Ils sont pour le gouvernement un instrument majeur de la boîte à outils à disposition des entreprises pour faire face à la crise du Covid-19. Mais malgré deux ans d’existence, on ne sait pas grand-chose des accords de performance collective qui restent confidentiels. Autant dire l’intérêt des travaux de la commission d’évaluation de la réforme du Code du travail de 2017 – composée de Marcel Grignard (ex-CFDT), de Jean-François Pilliard (ex-Medef) et de l’économiste Sandrine Cazes -, qui s’est penché sur ce que l’on appelle, en abrégé, les APC.
Risque de détournement
Les critiques contenues dans le rapport publié ce mardi par France stratégie sont à fleuret moucheté mais l’inquiétude de la commission d’évaluation est palpable sur ces accords censés remplacer trois autres types d’accord préexistants : ceux de maintien dans l’emploi pour « restaurer la compétitivité en cas de difficultés économiques », ceux de préservation ou développement de l’emploi pour « conserver ou améliorer la compétitivité » et ceux de « mobilité interne ».
L’enjeu est d’importance car ce nouveau cadre permet à l’employeur de s’affranchir de l’obligation de faire valider par chaque salarié l’application des dispositions de l’accord qui modifient son contrat de travail, et sécurise juridiquement le licenciement de ce dernier en cas de refus de ces modifications. Une demande du patronat. Ce n’est pas sur ces deux points que portent les critiques de la commission, mais sur le risque d’un détournement des accords de performance collective de leur objet initial.

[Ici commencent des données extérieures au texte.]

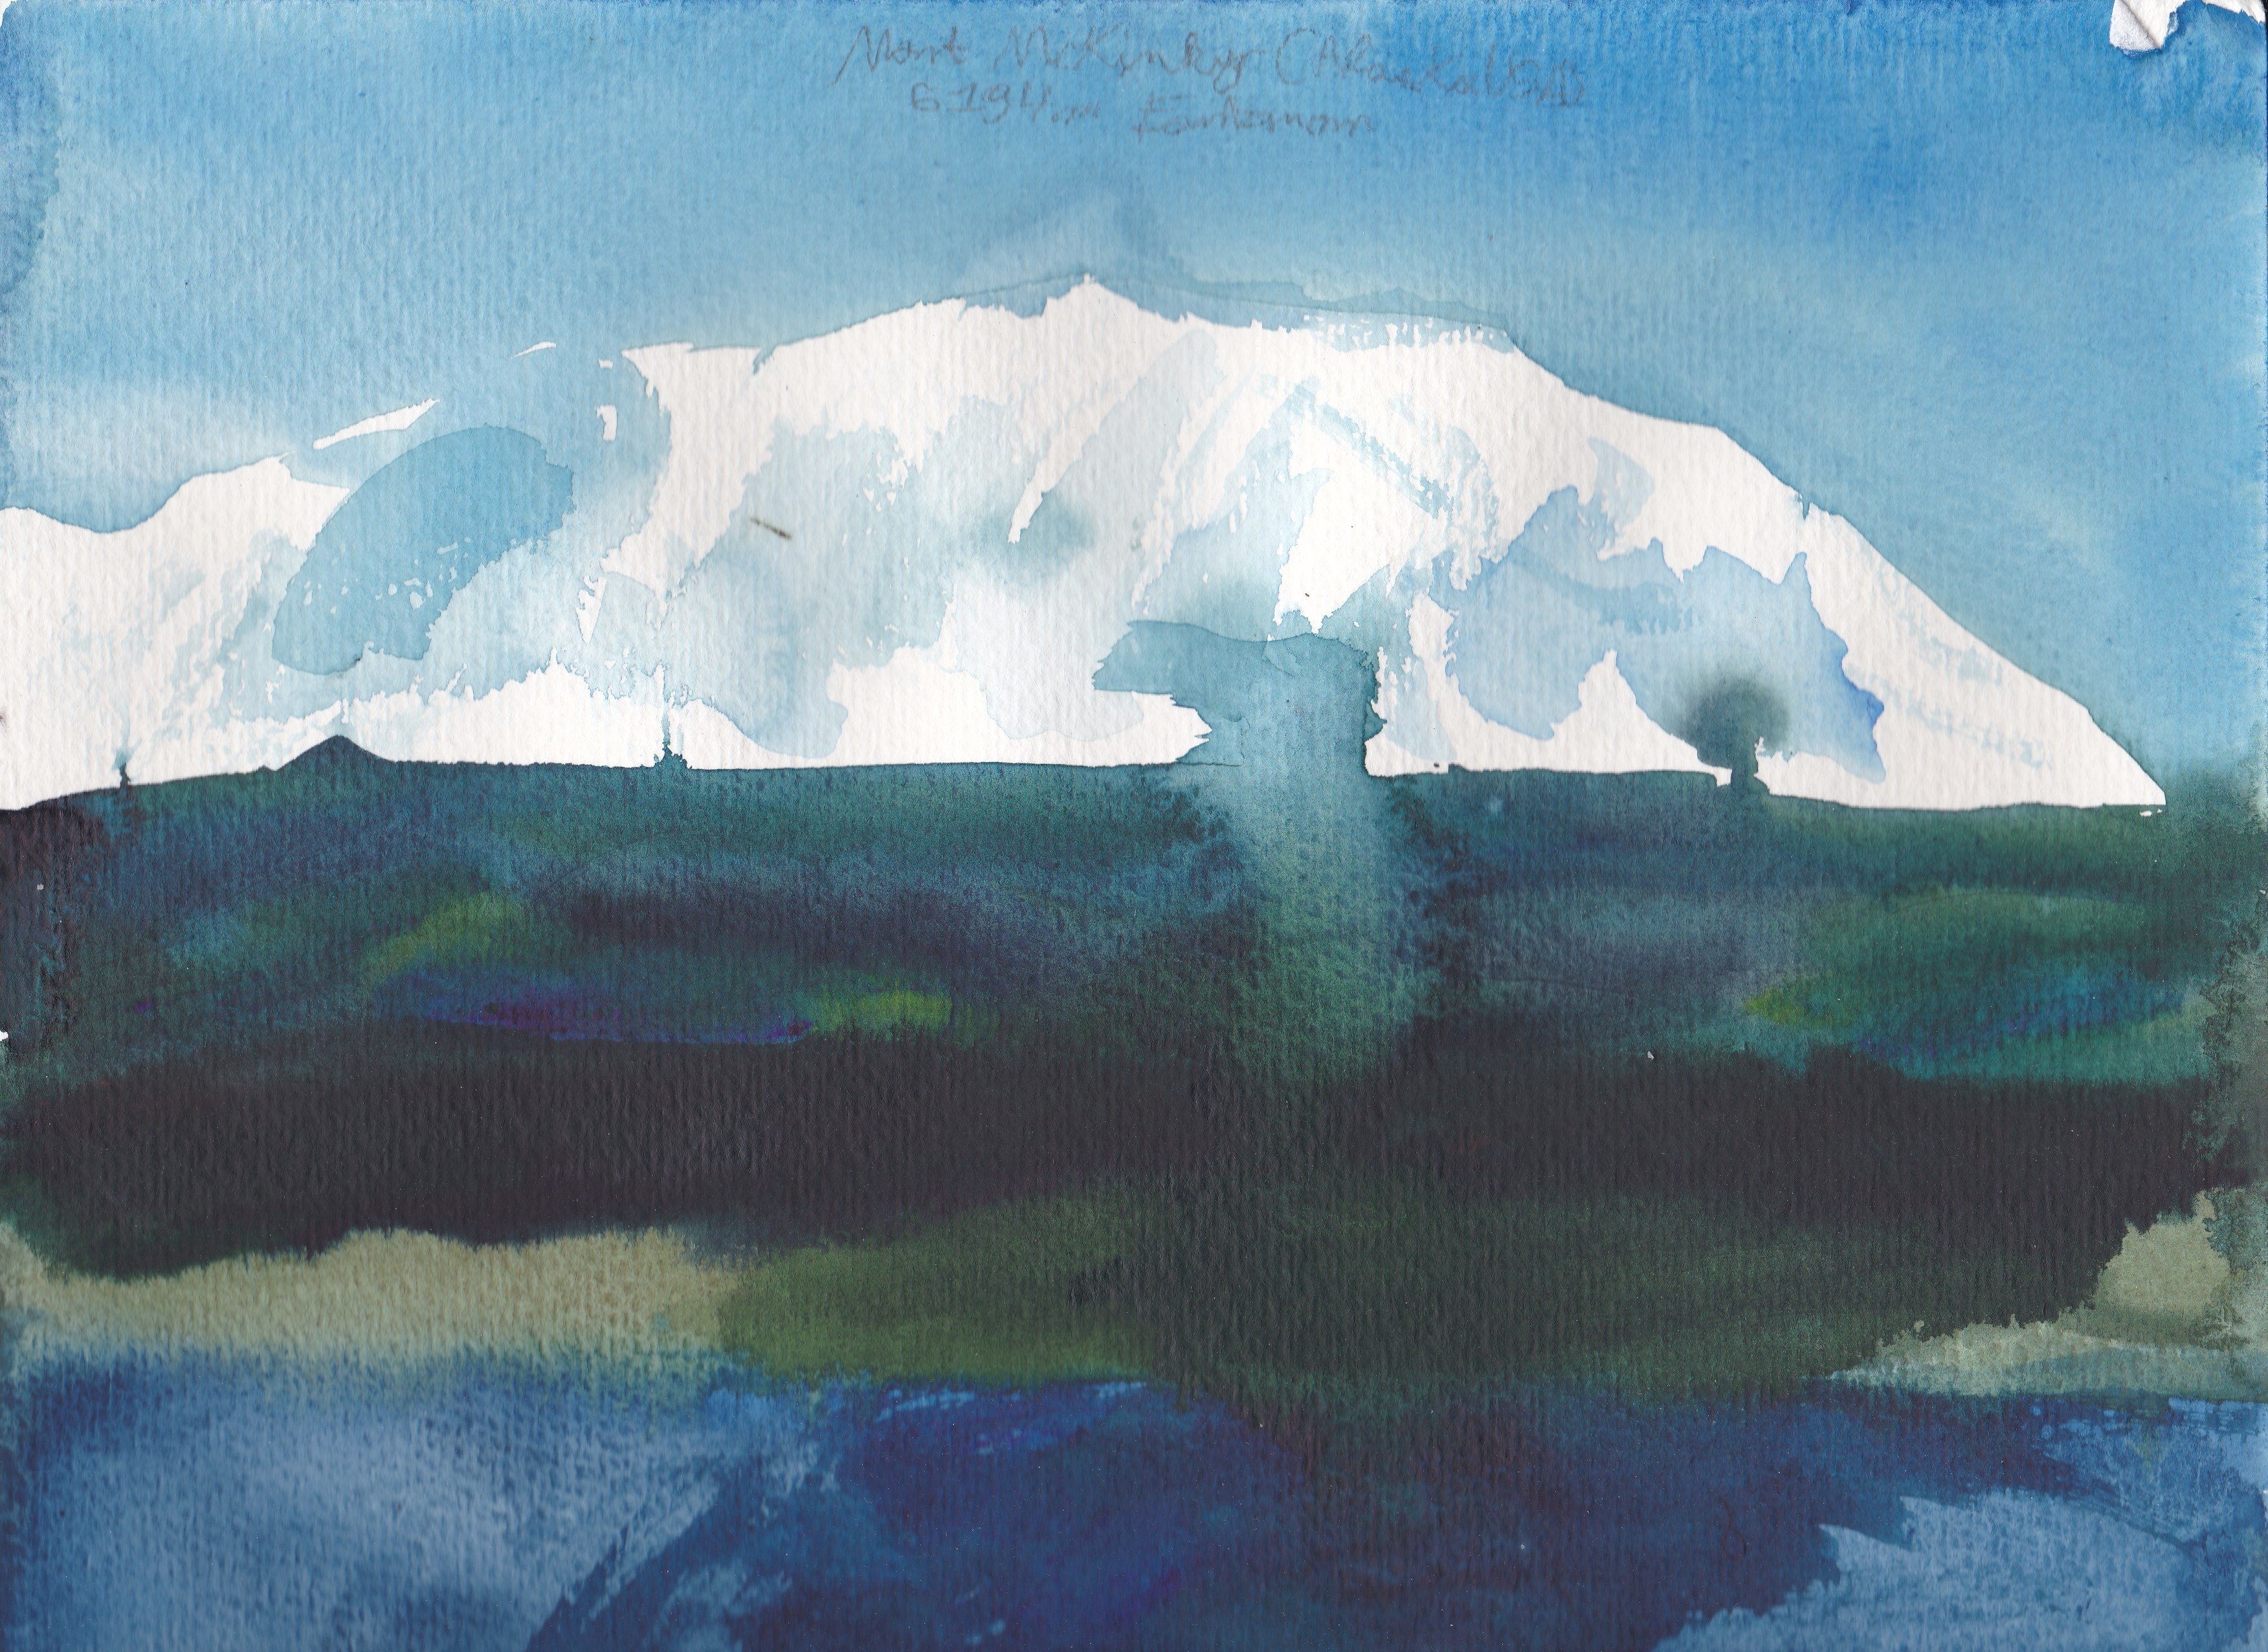 Le Mont McKinley, point culminant de l'Amérique du Nord à 6194m d'altitude, et ses gros glaciers puis forets et lacs d'Alaska.

Pour l’heure, la situation est sous contrôle. Le nombre d’APC est resté « marginal jusqu’en 2019 » où il a commencé à décoller. En juin 2020, 371 ont été conclus, note le rapport, jugeant le chiffre « élevé si on le compare notamment aux dispositifs précédents ayant les mêmes objectifs », avec une majorité de textes concernant des PME. Quatre accords de performance collective ont été conclus pendant la pandémie, tous dans des entreprises de moins de 500 salariés.
Le sujet n’est pas clos
Trois sujets peuvent être potentiellement concernés par un APC : rémunérations, temps de travail et mobilité interne. Un quart seulement des accords recensés traite de deux des trois sujets et même pas 3 % des trois. Alors que les cas de baisse de salaire ont été très médiatisés, sur les 70 % centrés sur un seul thème, un quart seulement traite des rémunérations contre plus de la moitié du temps de travail et le dernier quart des questions de mobilité interne, géographique ou professionnelle. On découvre ainsi que l’outil est utilisé pour harmoniser les statuts à la suite d’une opération de fusion ou de transfert d’entreprise, ce qui n’était pas prévu initialement.
S’appuyant sur les travaux du cabinet Sextant-entreprise et de la chercheuse Hélène Cavat, le comité d’évaluation pointe des interrogations majeures. Il pose la question de la « loyauté de la négociation » et s’interroge sur le risque « d’engendrer une dynamique de moins-disant social au sein d’une branche ou d’un marché ». Il note aussi que certains APC débordent largement leur sujet, et « se présentent même comme des quasi-conventions relatives à l’organisation générale de conditions de travail, visant à se substituer à une convention de branche ».
Un syndicat patronal minoritaire de la plasturgie ne s’est d’ailleurs pas caché de livrer de tels accords clé en main à ses adhérents, lors d’une rencontre avec l’Association des journalistes de l’information sociale il y a quelques mois. Le sujet n’est pas clos. Le comité d’évaluation promet d’y revenir et a lancé pour cela un appel à projet de recherche.